Oh, not the "money-saving" part. I'm all about money-saving, believe me.
It's that someone got paid to regurgitate this old information -- and it's from Kiplinger. I wouldn't have the nerve to submit an article with such hackneyed tips as calling for cheaper car insurance and cutting back on dining out -- especially to Kiplinger. I was waiting for the paragraph on brewing coffee at home to save on "those $5 designer lattes."
We were so over the designer lattes a very long time ago and, when I say "we," I mean anyone who has read a paper, surfed the net or turned on the TV in the past year and a half. And, just in case the Wall Street Journal or Forbes is cutting checks for writers dishing out more of these recycled no-brainers, just know that we've already put light-saver bulbs in all our lamps, checked our insulation, had our cars in for a tune up, cancelled any unnecessary magazine subscriptions and go to the library instead of purchasing books.
We've clipped, bargained, swapped, thrifted, stretched and reused. And why is anyone still including a tip like, "stop all impulse purchases?"
I don't need some snot-nosed twenty-something with no kids, no mortgage and no life experience telling me to "manicure your nails at home and save on those trips to the salon" or "shop around and get the best price on designer labels." Are you kidding me? I've never had a manicure or a designer label in my life (this last, just on principle) and, if I had, that certainly went out the door when I had to "cancel my maid service" and do my own cleaning.

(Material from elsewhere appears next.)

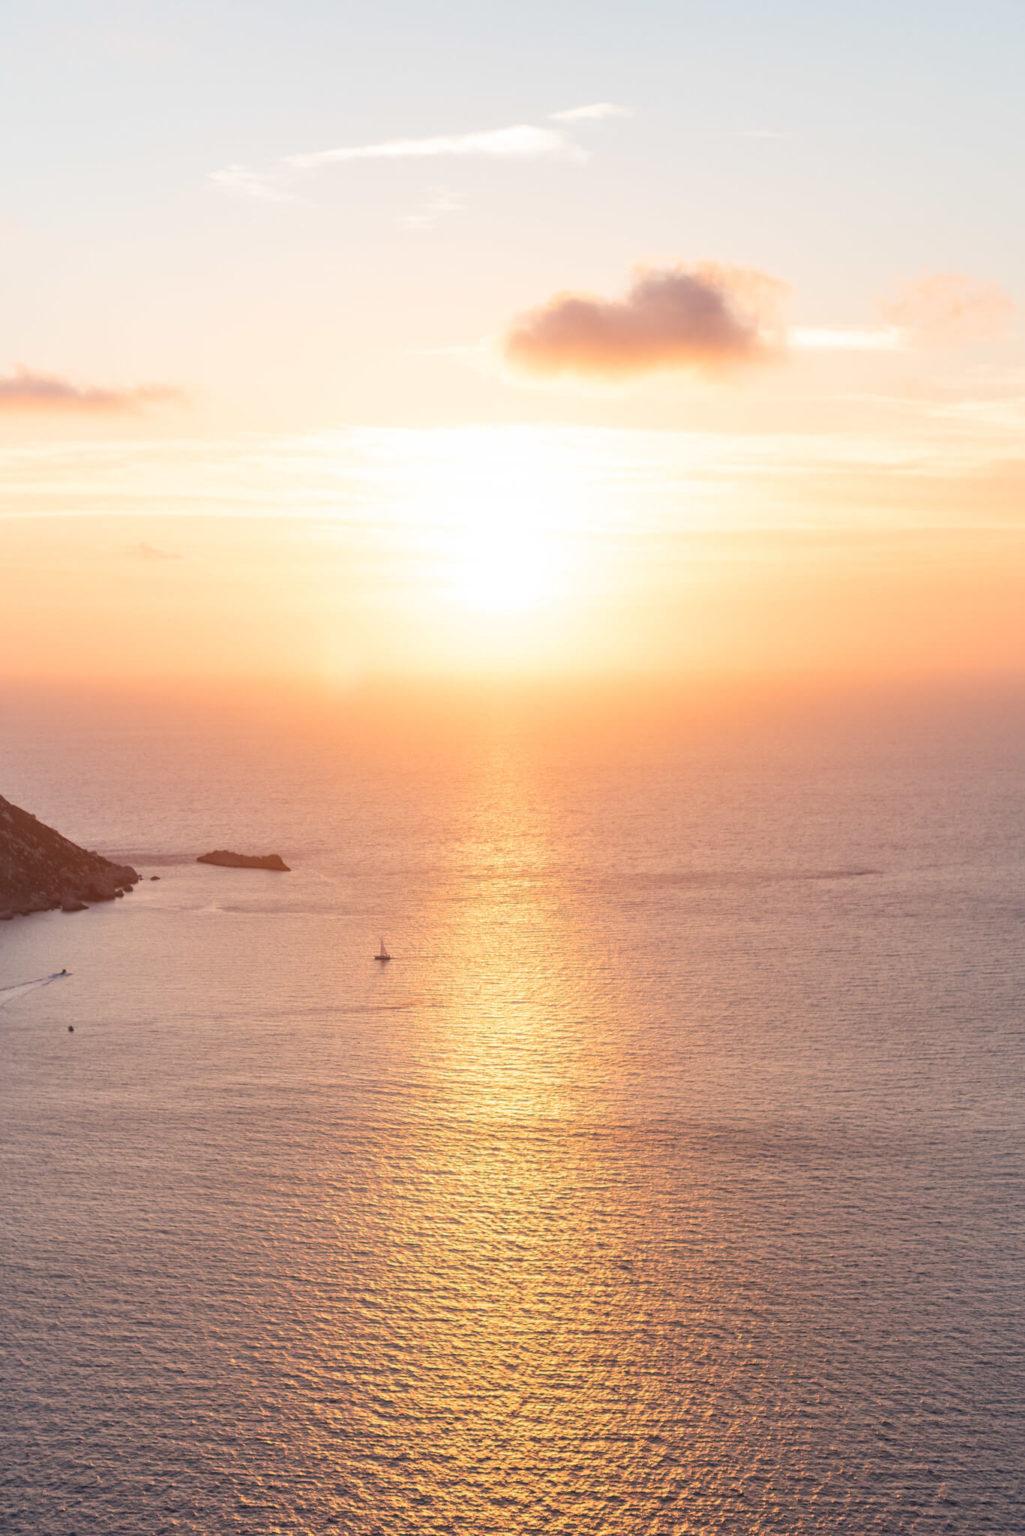 https://www.white-ibiza.com/wp-content/uploads/2020/03/ibiza-sunsets-es-vedra-2020-05-1025x1536.jpg
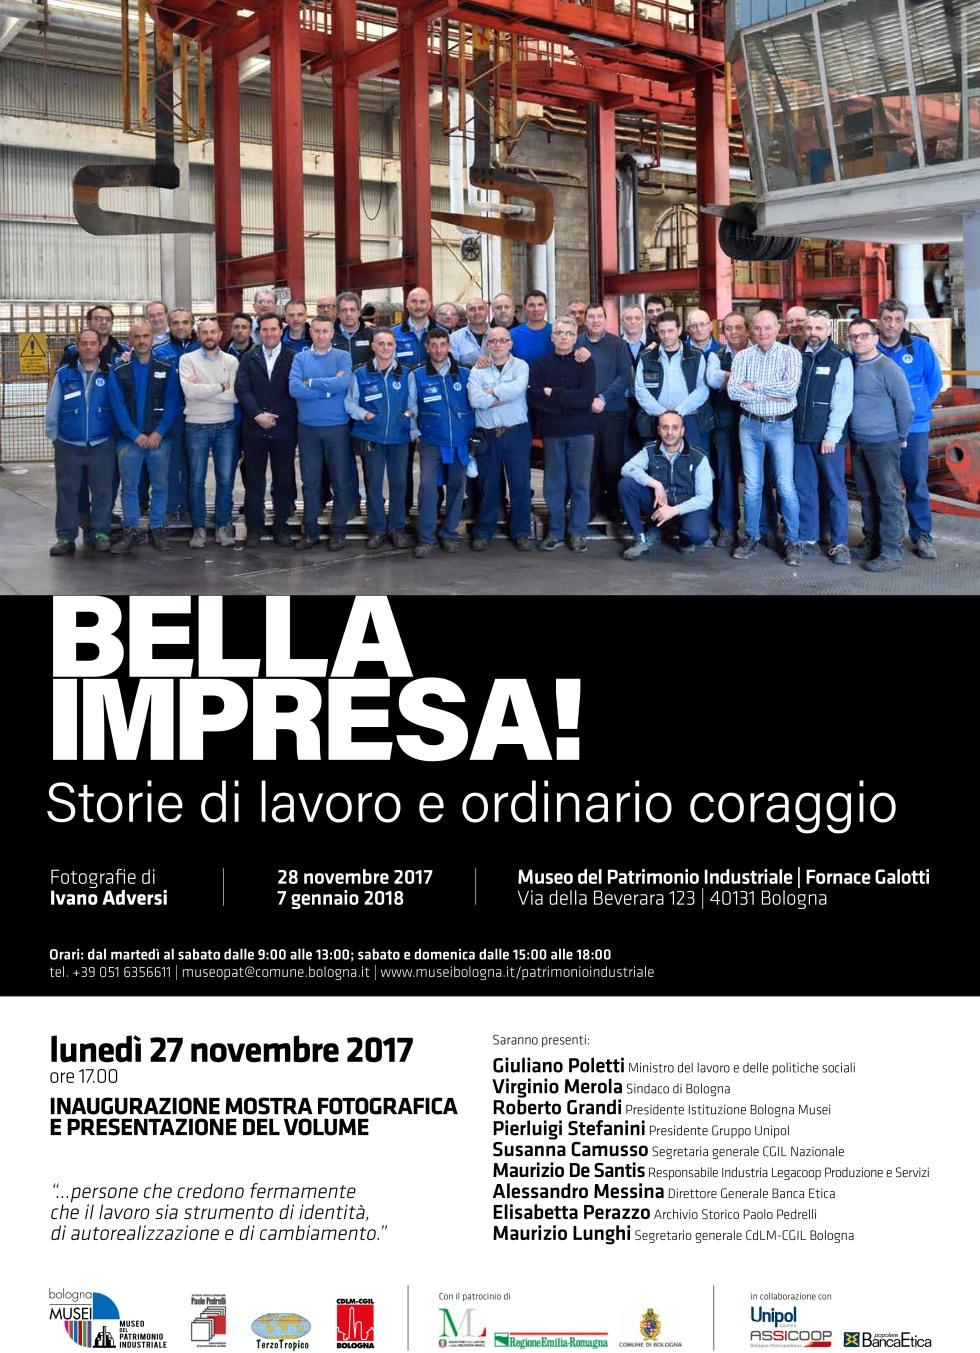 locandina_A3_mostra_bella_impresa.jpg

So, please, until someone comes up with some fresh ideas, let's declare a moratorium on these "money-saving tips" articles; and, while we're at it, any weight-loss article that mentions "smaller portions" and "fill up on fruits and veggies*."
*I hate, hate, hate, the word "veggies." I no longer call blankets "blankies" or pajamas "jammies." So, if you are older than ten, it's "vegetables." Thank you.
4 comments:
I read them for the humor effect. I figure I can always use a laugh, and I get quite a few laughs in when reading the "money saving tips" articles. My roommate and I try to outdo each other by sharing the most preposterous tips we can find in the articles and cackling with glee at them. My mom finds them pretty funny, too, and we swap "tips" as well for the humor value. No maid service, lattes, manicures, or designer labels at my house!!

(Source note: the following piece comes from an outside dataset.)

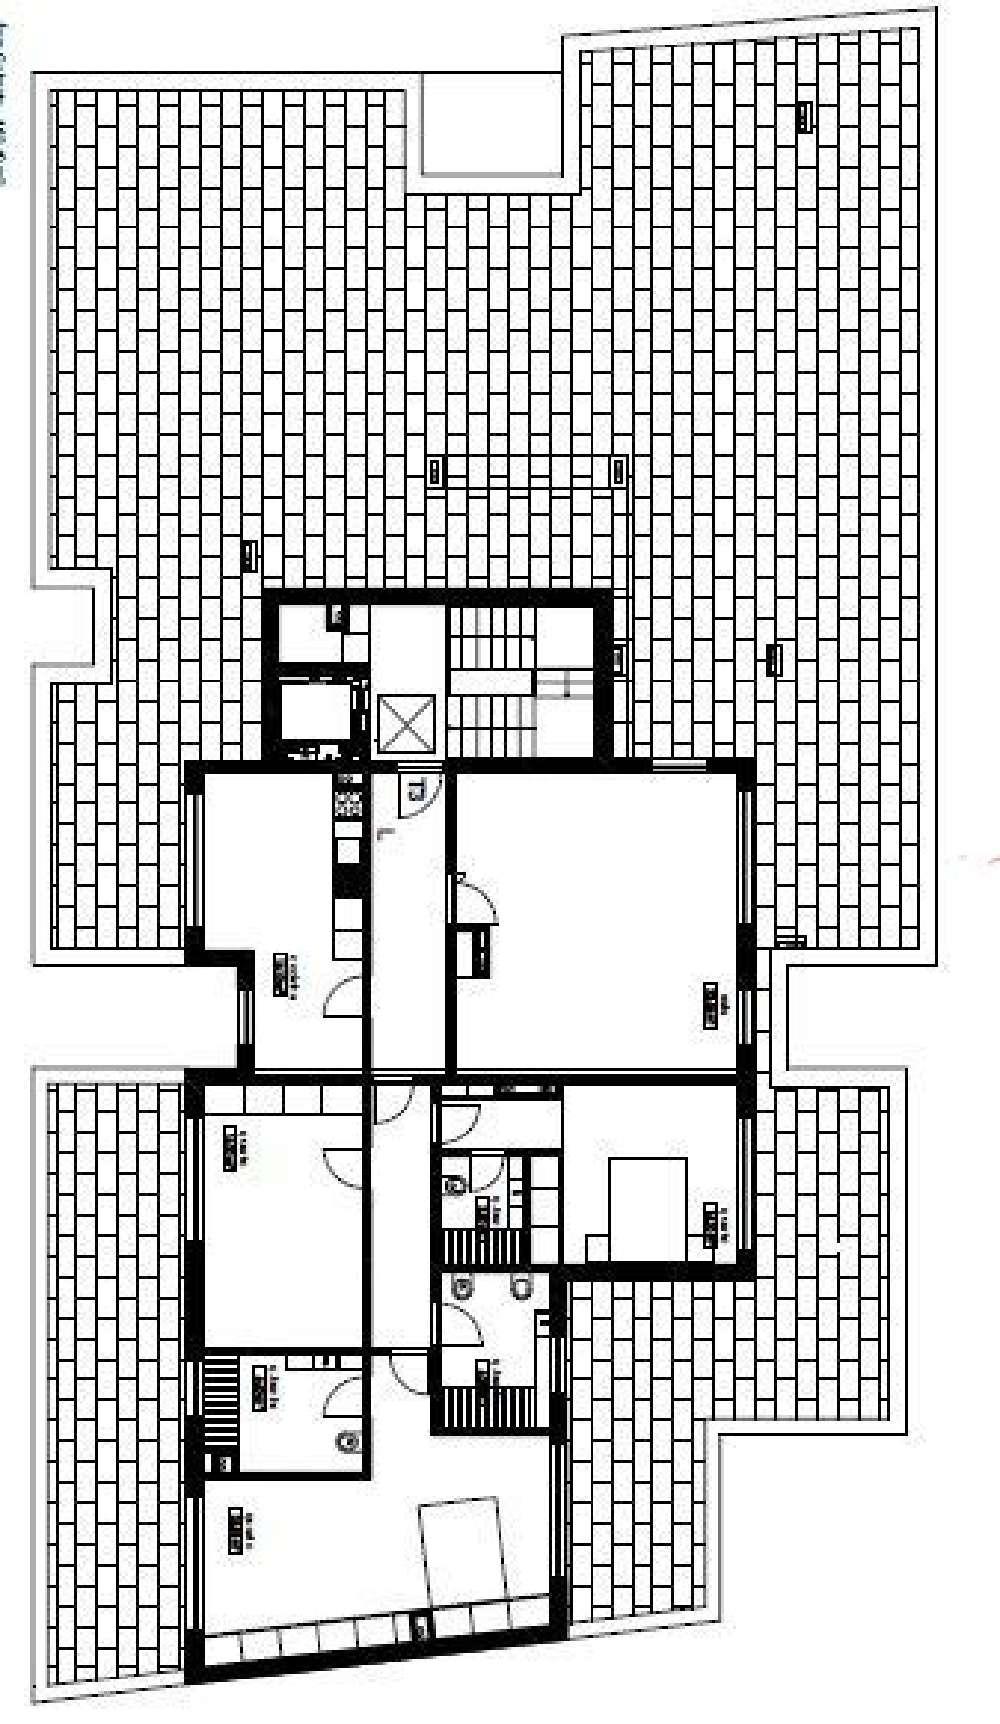 Lavra Matosinhos Apartment Bild 124050

I've owned a few designer labels in my time, but they've all been hand-me-downs or thrift store finds.
Garr...I hate those articles. Like you, I mostly hate the fact that someone got paid to plagiarize. And I firmly believe the supermarket mags pass them around month after month.

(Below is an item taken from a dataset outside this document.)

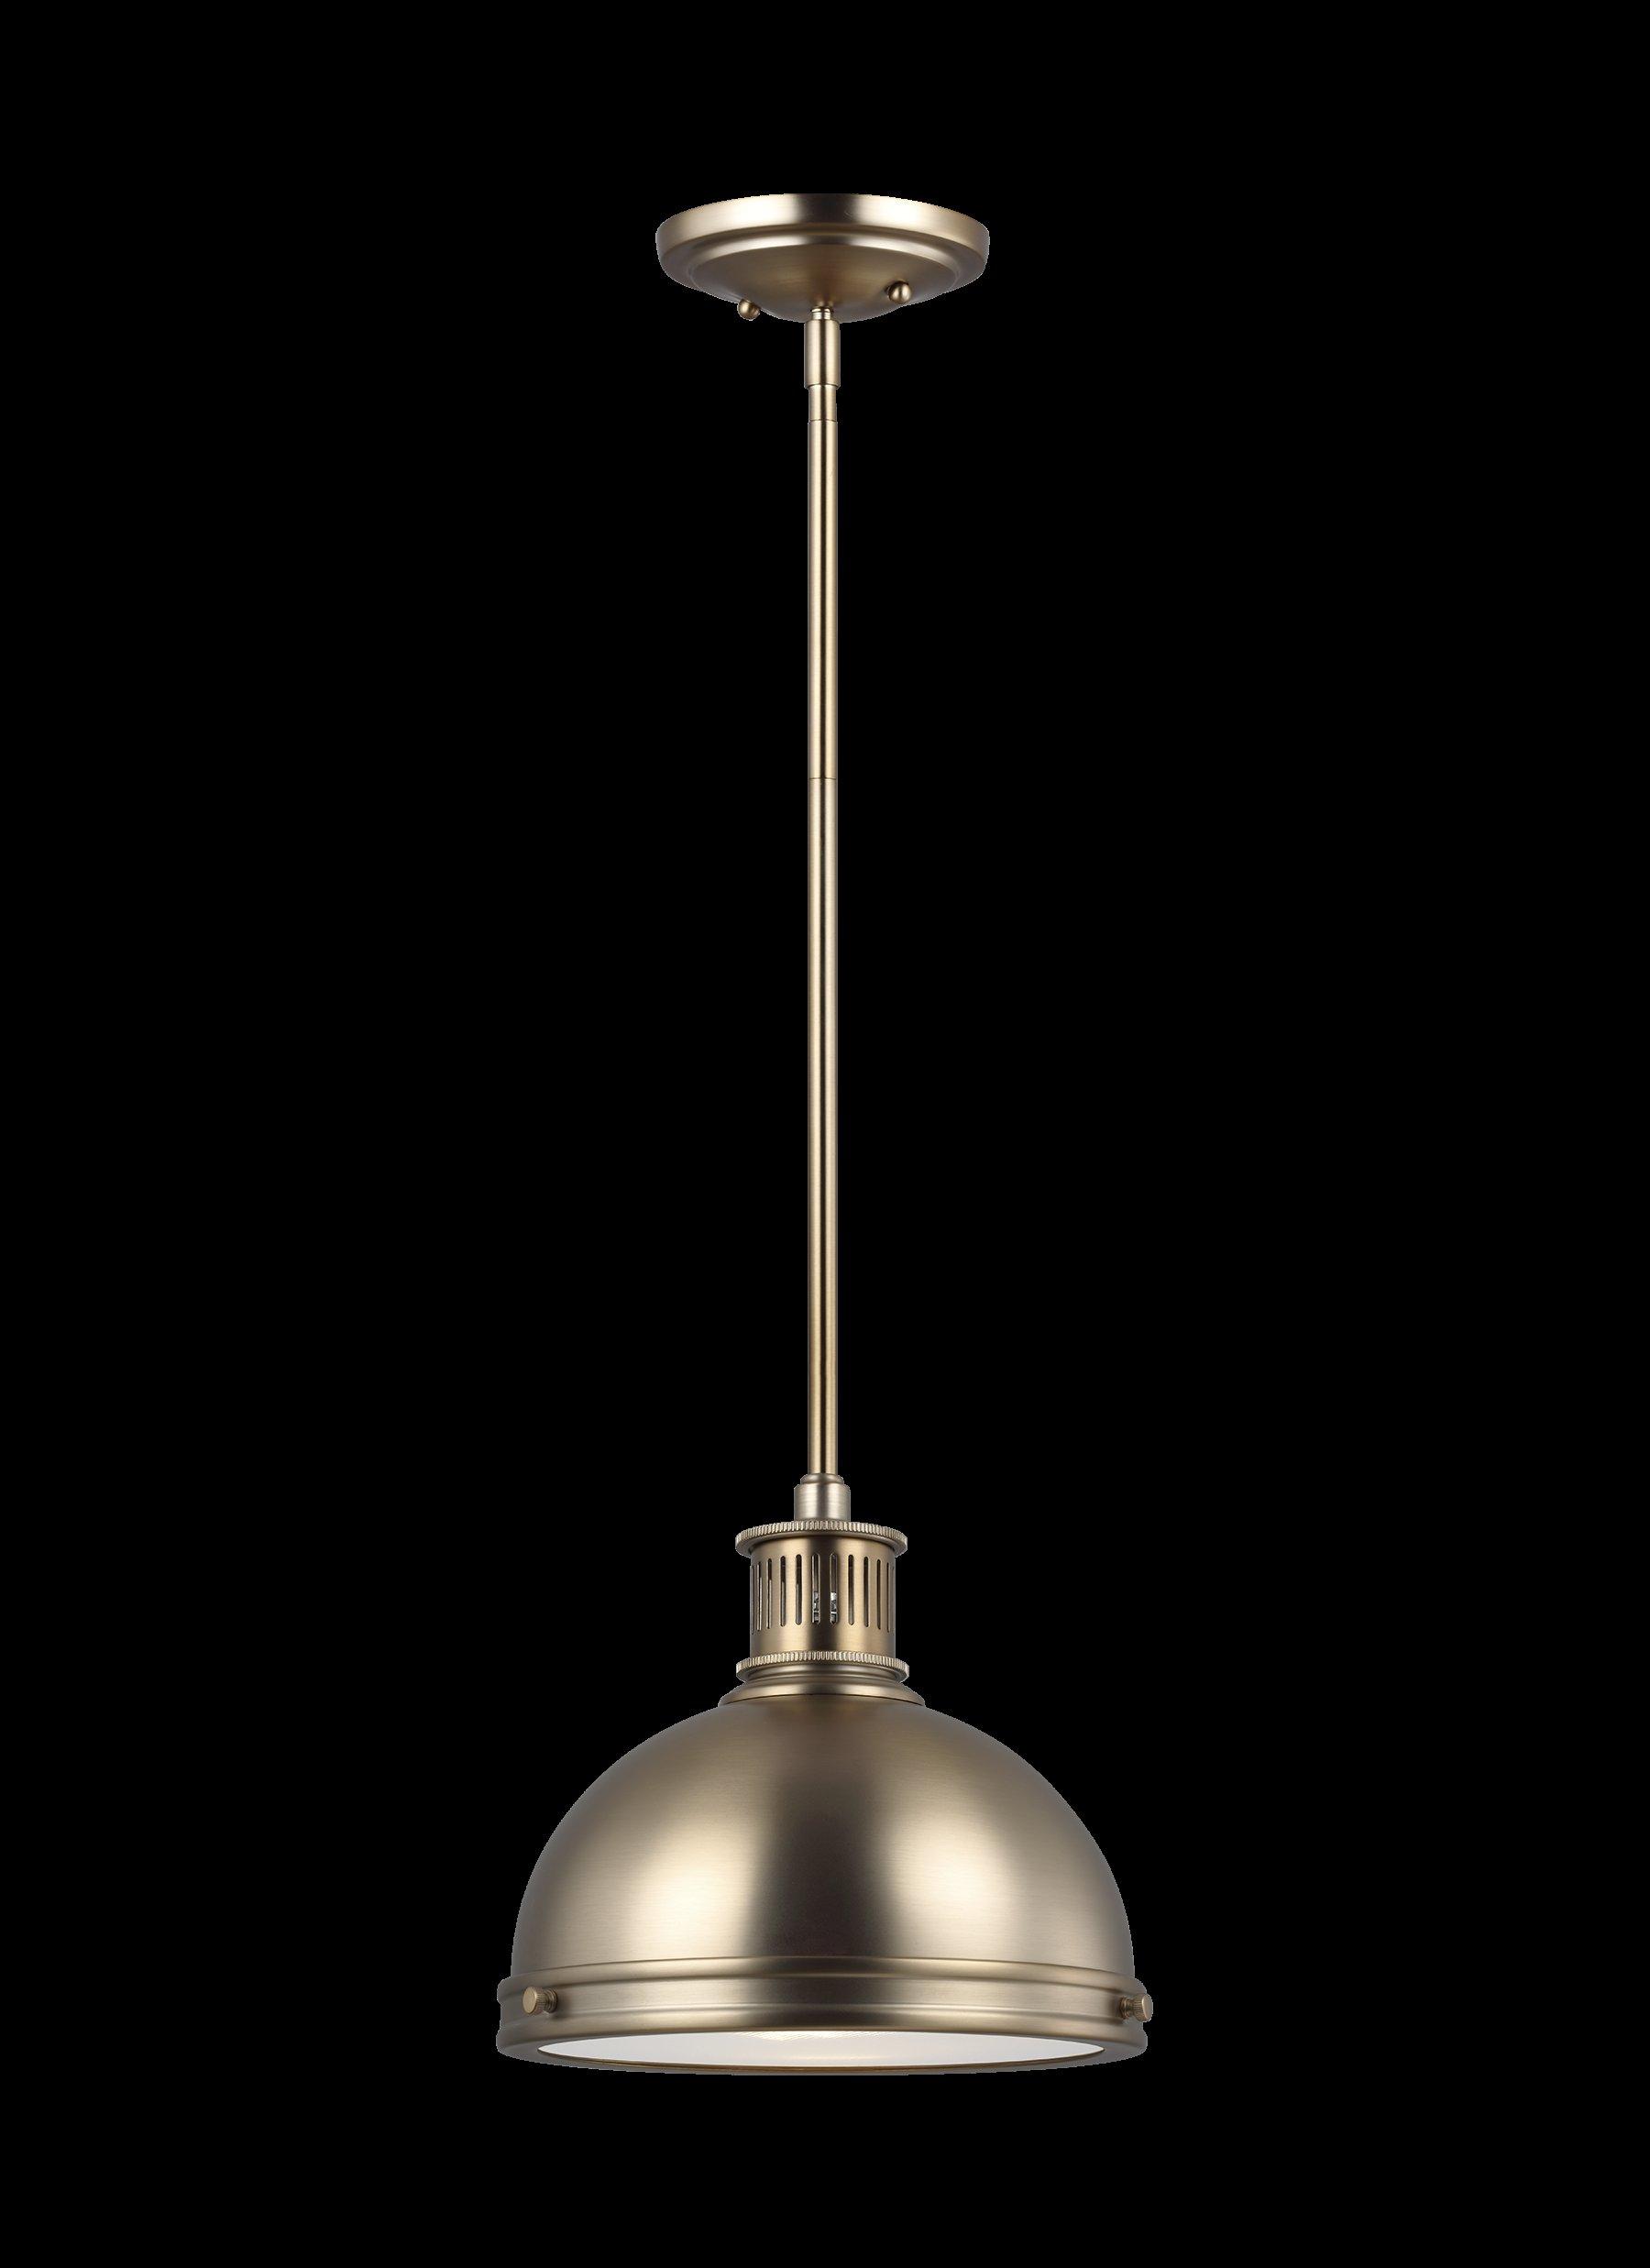 Ninette 1 Light Dome Pendant Pertaining To Ninette 1 Light Dome Pendants (View 4 of 30)

Even more maddening are the BOOKS that are published full of that regurgitated crap. Seriously? A publisher fell for that? MORE THAN ONCE?
I got me this designer shirt that was used in the filming of No Country For Old Men. Yeah, sweet. I know. Some of you may have heard.
I like to put it on and hop in the ole Hummer. Yeah. I know. Sweet. Not one of them cheapass Hummer 2's or 3's. No. No. The real thing.
I like to hop in and drive down to the local Starbucks. Yeah. Sweet. I like to stand there in my No Country For Old Men shirt, right next to the ole Hummer, sippin' on that Choco-Carmel-Doo-Doo Late. I'm famous for it. Yeah. They all know me. ... Sweet.